Матросы "поднялись", перебив всех офицеров, что пытались удержать их от восстания, предотвратить это. Началась бойня, избиение кучки людей толпой озверевших, опьянённых чувством безнаказанности (они-то ещё не знали, что устроили за бунт запасным батальонам) балтийцев.

Офицеры-балтийцы не сдались просто так. Они сражались до конца, как могли, защищая свою честь и выполняя священный воинский долг. Многие смогли укрыться в кабинетах и арсеналах, закрепиться там с оставшимися верными царю и порядку матросами.

Капитан первого ранга Кирилл Сидорков смог найти защиту за дверью кабинета. Но и за ним "пришли",

Капитан крутил барабан "нагана", пересчитывая оставшиеся в нём патроны. Три штуки. Много, это очень много. Даже если бы остался только один патрон — этого было бы достаточно.

Толчок в дверь — и та обрушилась вниз, ухнула на пол, подняв столб пыли. Кирилл, не целясь, дважды нажал на курок револьвера, направив его в своих бывших подчинённых. Два выстрела. Оба — в цели. Сидорков, вздохнув, приставил "наган" к виску и нажал на курок. В последний раз в своей жизни. Капитан уходил к Богу только с одною мыслью: отчего люди перестают быть детьми, ведь не рождаются же они такими жестокими и охочими до чужой крови…

К этому "благому делу революции" присоединились рабочие нескольких заводов, уничтожив полицейские участки на Выборгской стороне и начав строить баррикады. Везде царила анархия. И люди испугались, просто испугались, поняв, что же происходит, чем оборачиваются беспорядки…

— Пали!

Стройный залп из полутора десятков винтовок и револьверов по улице. Люди внизу даже не расступились, не дрогнули, когда на мостовой оказалось ещё несколько трупов. Толпа неистовствовала, ломая двери полицейского участка.

— Порешат нас, братцы, — бесстрастно заметил один из околоточных, перезаряжая револьвер. — Как есть, порешат, как германьца.

— Отставить панику, — хлёстко приказал офицер. — Мы ещё им покажем, что значит полицию не уважать. Ребяты, ну-ка, ещё залп!
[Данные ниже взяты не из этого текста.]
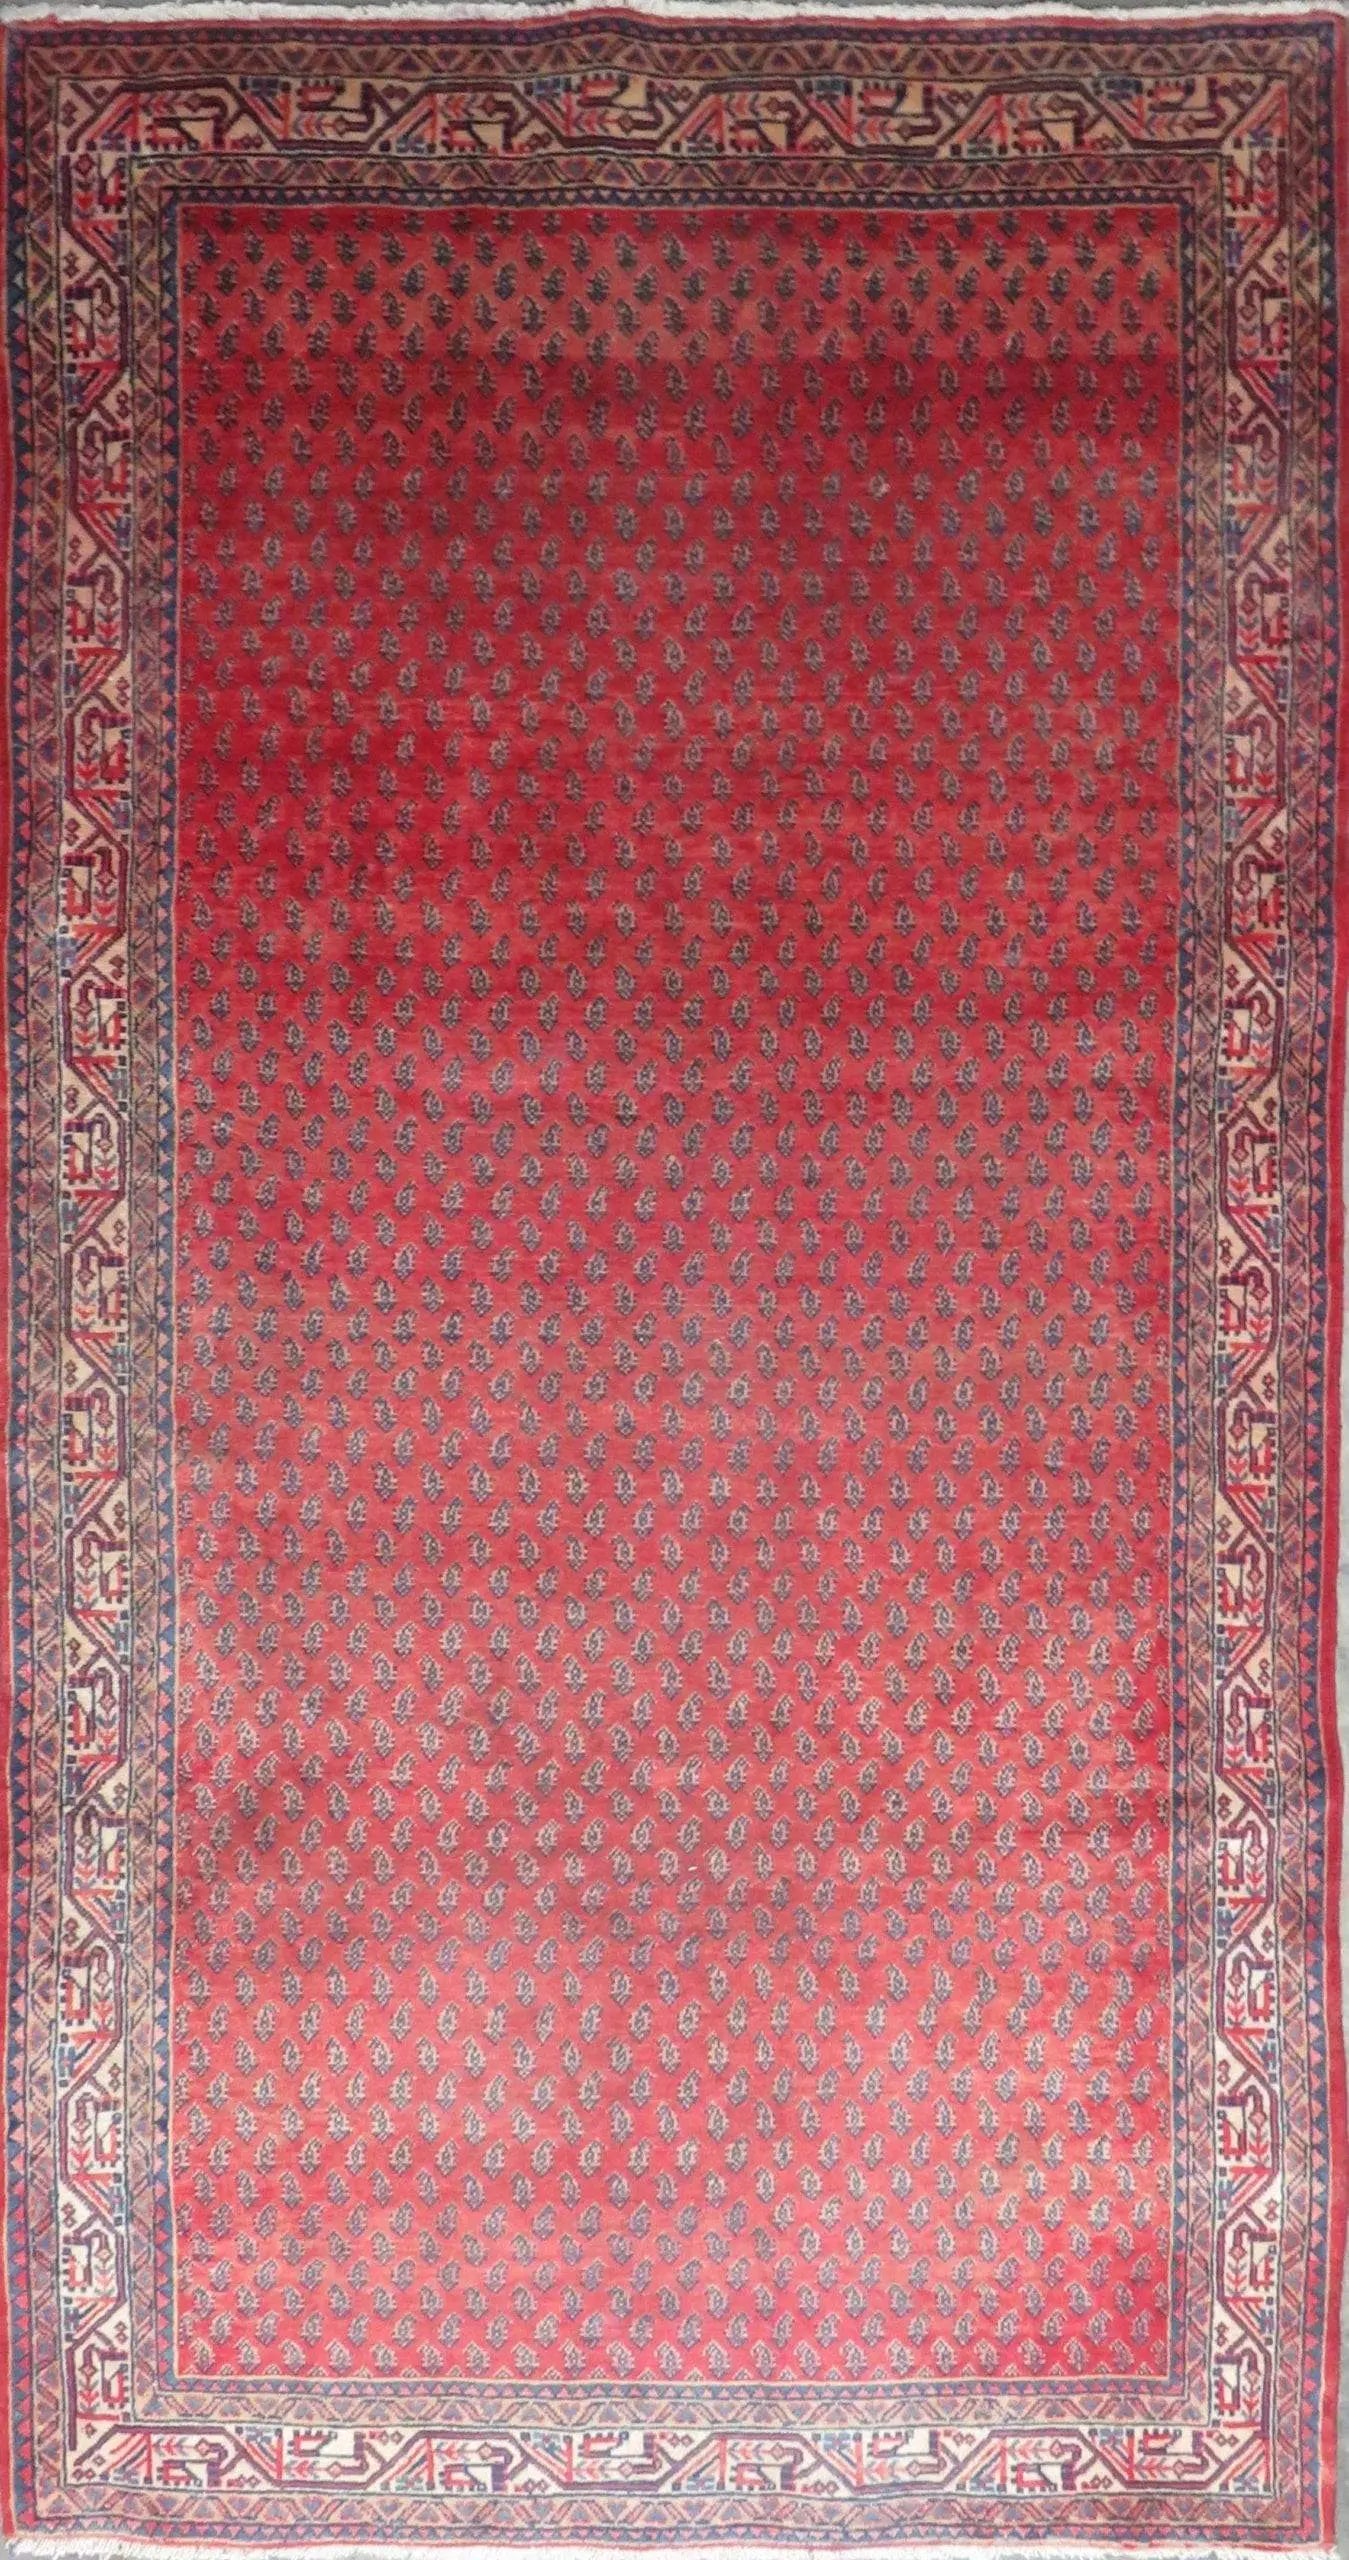 Hand-Knotted Persian Wool Rug _ Luxurious Vintage Design, 10'0" x 5'2", Artisan Crafted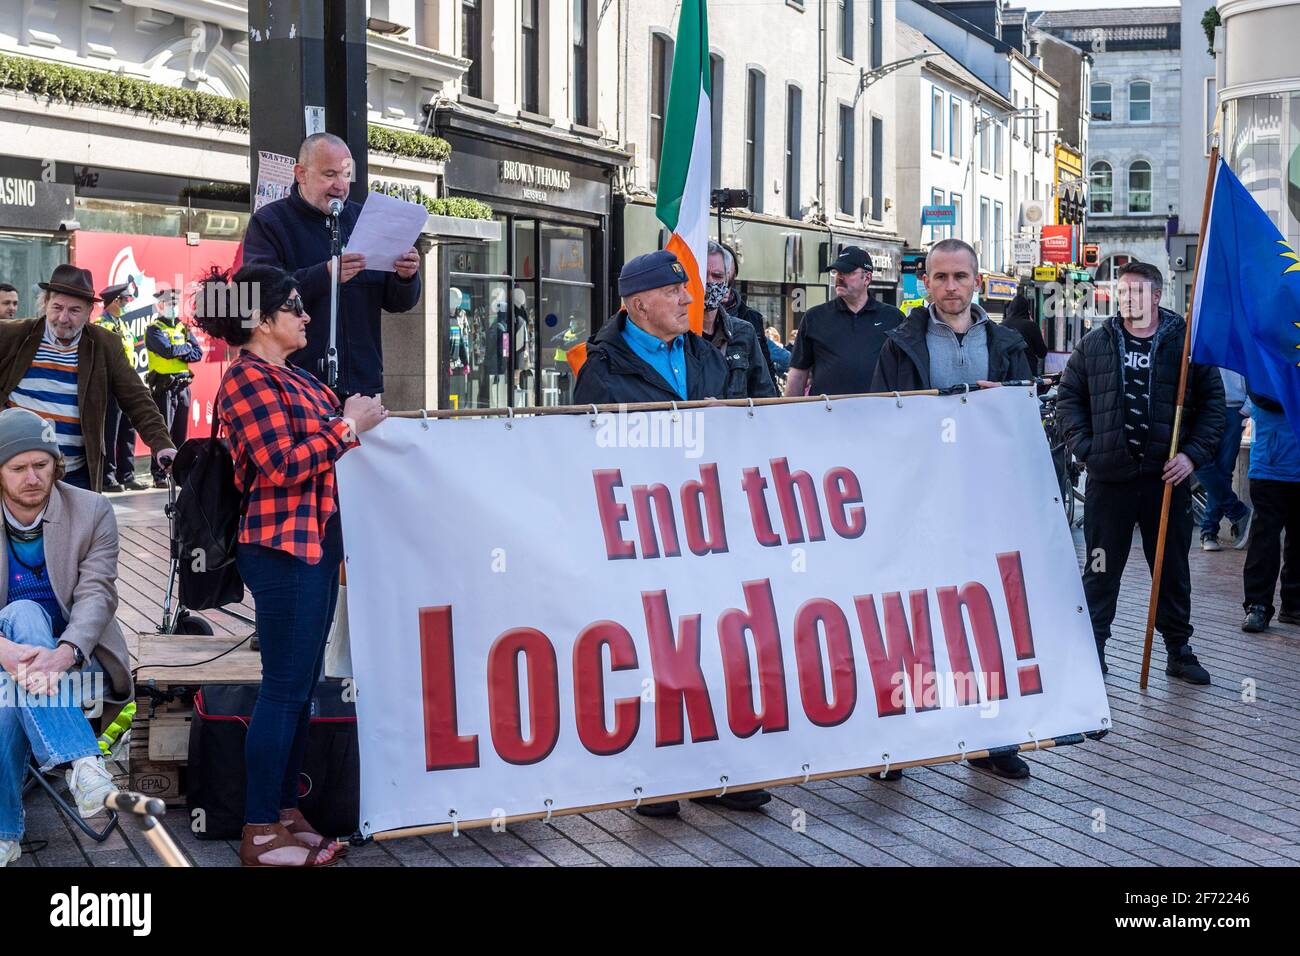 Cork, Ireland. 3rd Apr, 2021. An 'End the Lockdown' protest tokk place in Cork today, the second such event in the space of a month. Approximately 300 people attended in the midst of a heavy Garda presence. The protesters held a rally outside Brown Thomas on Patrick Street after the march. Protest organiser Diarmaid ' Cadhla spoke at the rally. Credit: AG News/Alamy Live News Stock Photo

Работяги из соседнего завода выломали фонарный столб и, перехватив его наподобие тарана, пошли на "штурм" участка.

Сам Родзянко, собравший "совет старейшин" Думы утром двадцать седьмого февраля, ударился в панику, посылая одну телеграмму за другой в Ставку, а затем рассказываю старейшинам-лидерам думских фракций и некоторым членам Государственного совета, что же происходит в столице и Кронштадте.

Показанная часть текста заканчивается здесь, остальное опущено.